Records drawn from a dataset:
========

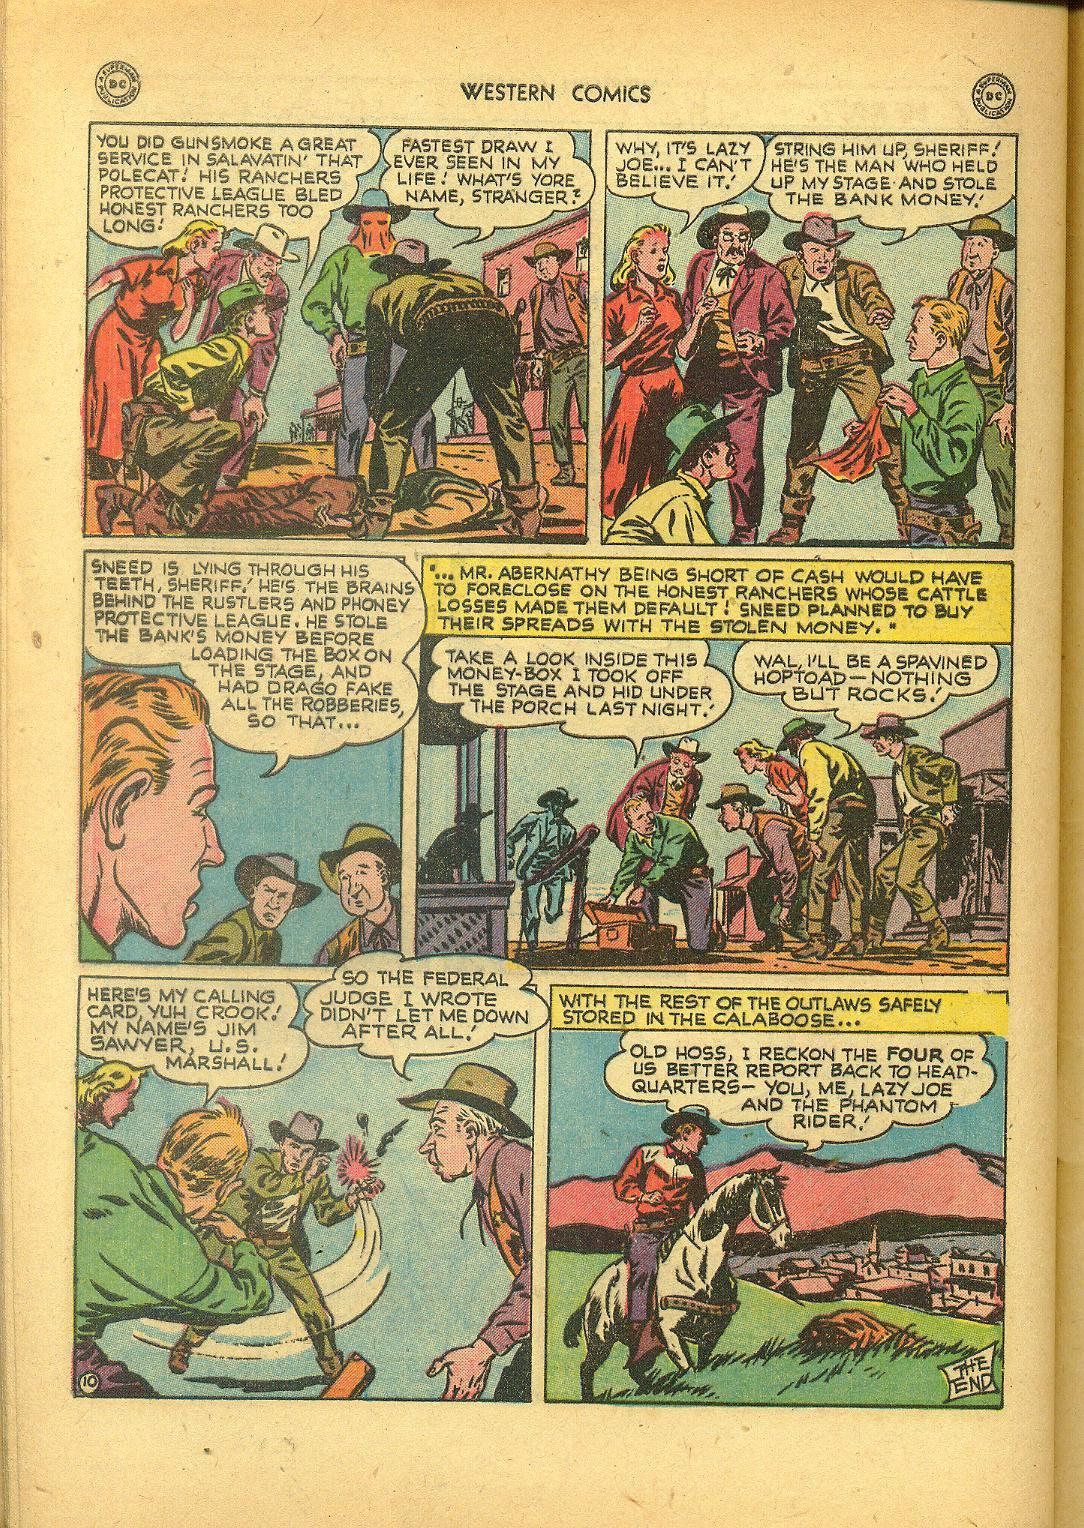 Comic Western Comics issue 8
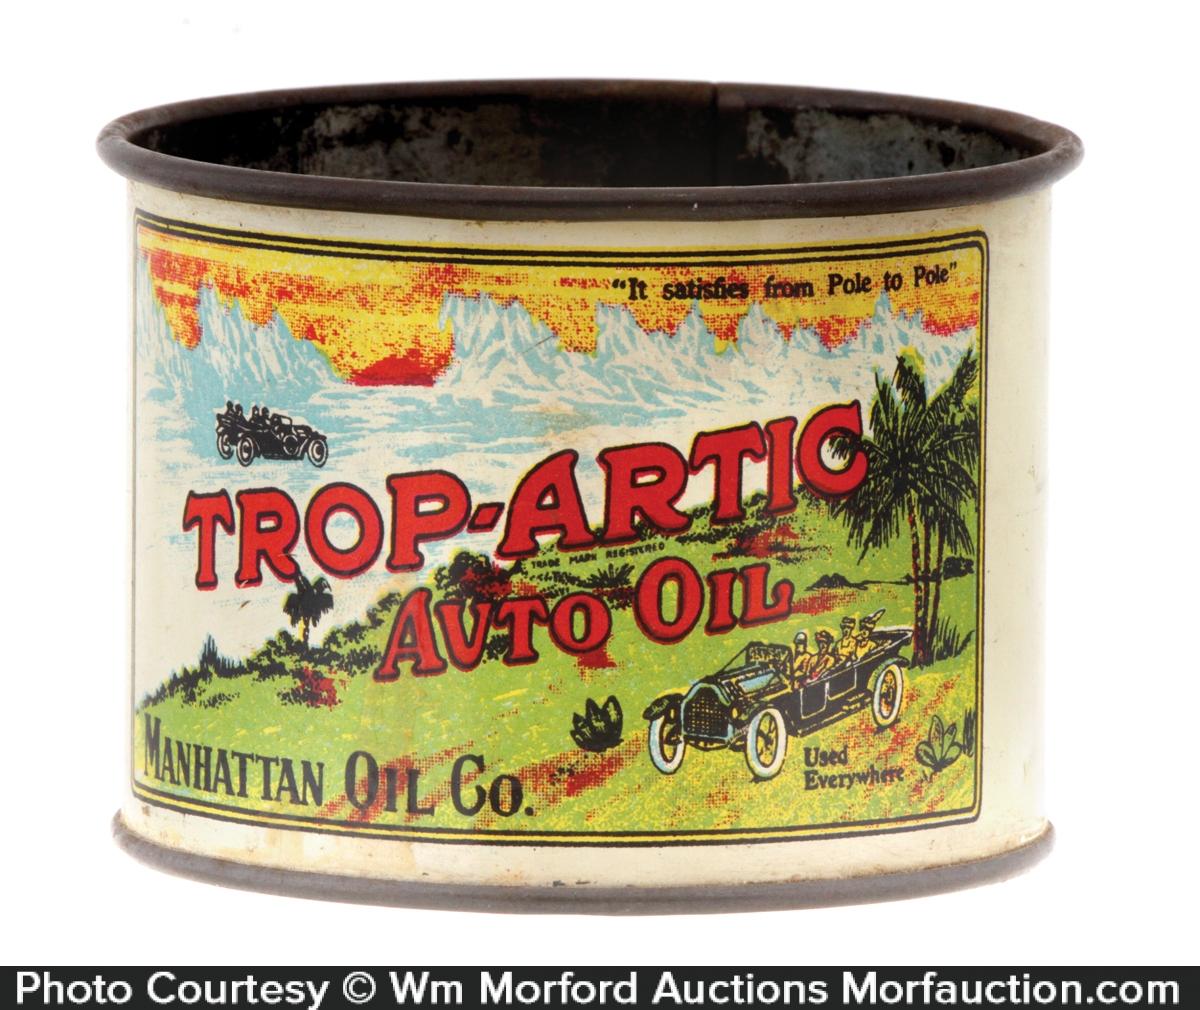 Antique Advertising Trop Artic Motor Oil Cup Antique
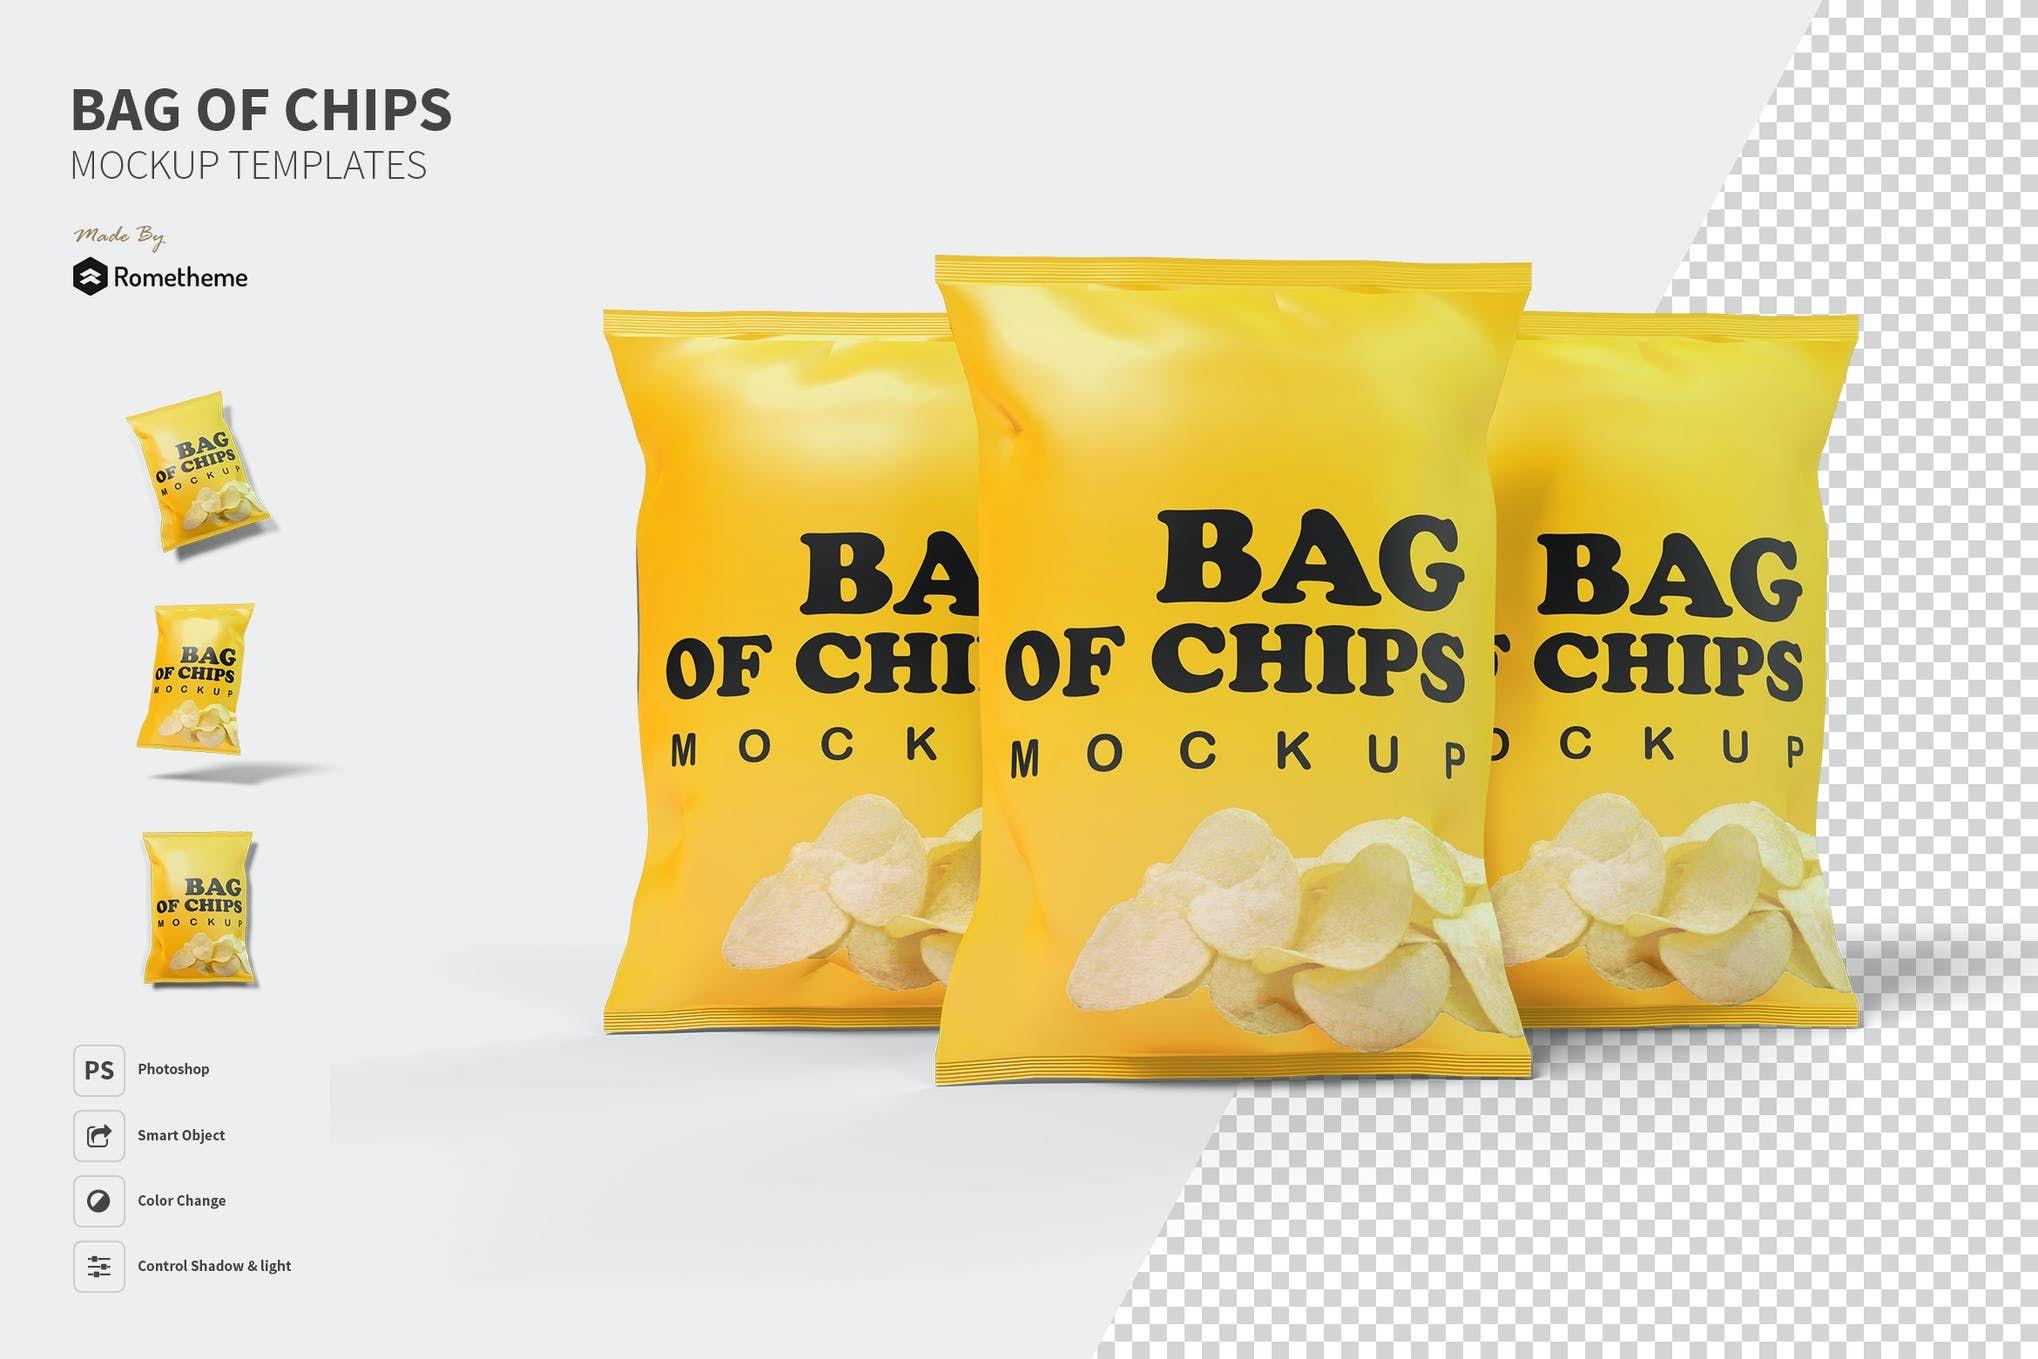 Download Bag Of Chips Mockup Psd Chip Bags Bottle Mockup Dropper Bottles
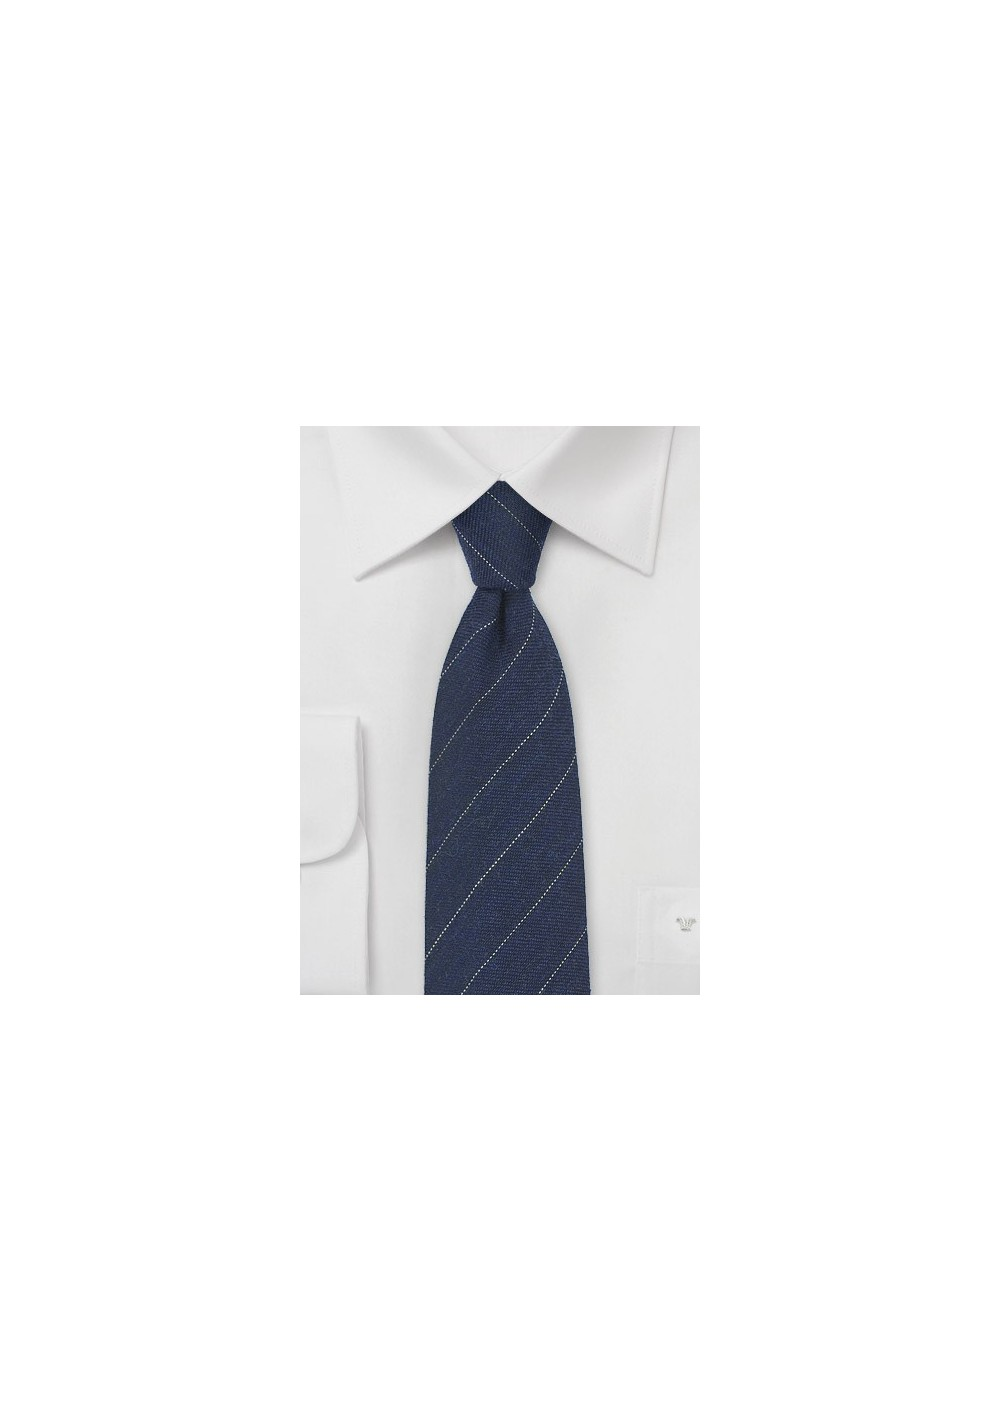 Wool Striped Tie in Navy Blue
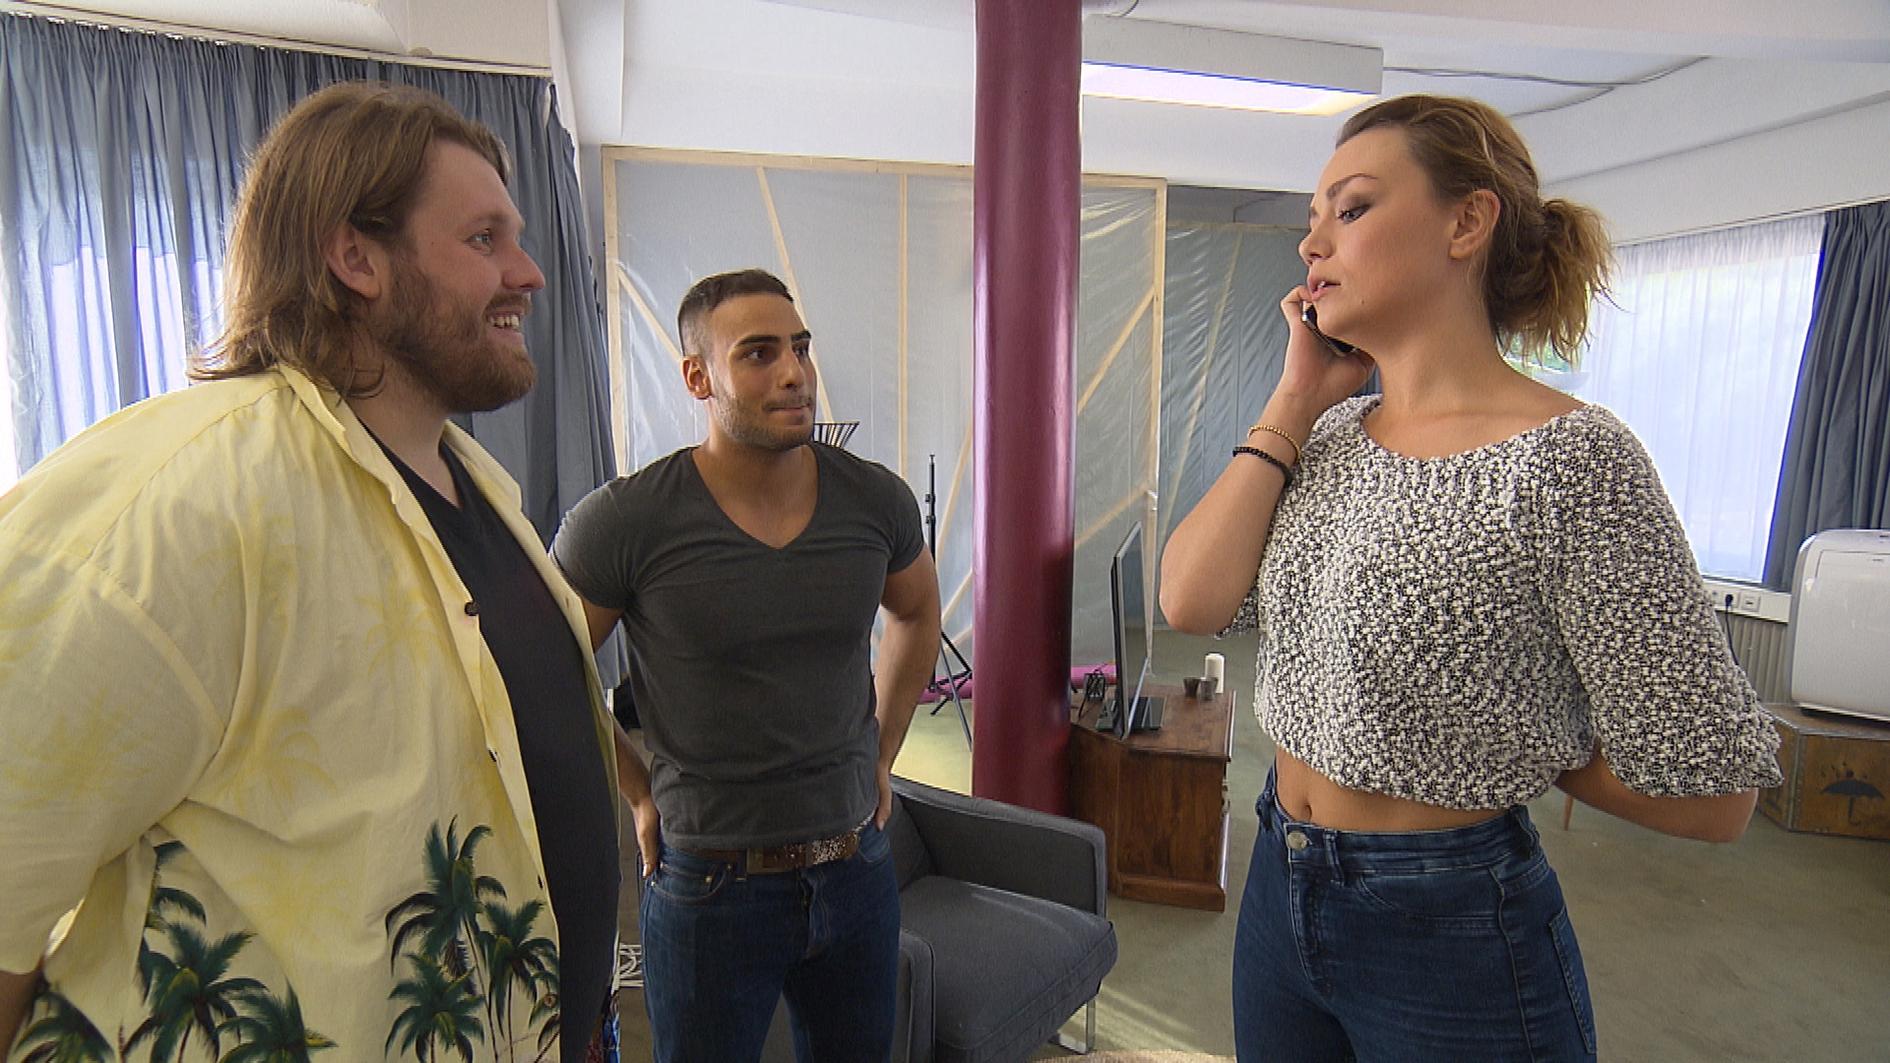 Jan (li.) will Laura (re.) auf seine Seite ziehen, damit Joleen überstimmt wird und Cem (Mitte) als Zwischenmieter akzeptieren muss. (Quelle: RTL 2)

========

:: Task details ::
Could you reproduce every record above exactly, leaving out any pictures?

:: Response to the task ::
 Comic Western Comics issue 8
 Antique Advertising Trop Artic Motor Oil Cup Antique
 Download Bag Of Chips Mockup Psd Chip Bags Bottle Mockup Dropper Bottles
 Wool Striped Tie in Navy Blue
 Jan (li.) will Laura (re.) auf seine Seite ziehen, damit Joleen überstimmt wird und Cem (Mitte) als Zwischenmieter akzeptieren muss. (Quelle: RTL 2)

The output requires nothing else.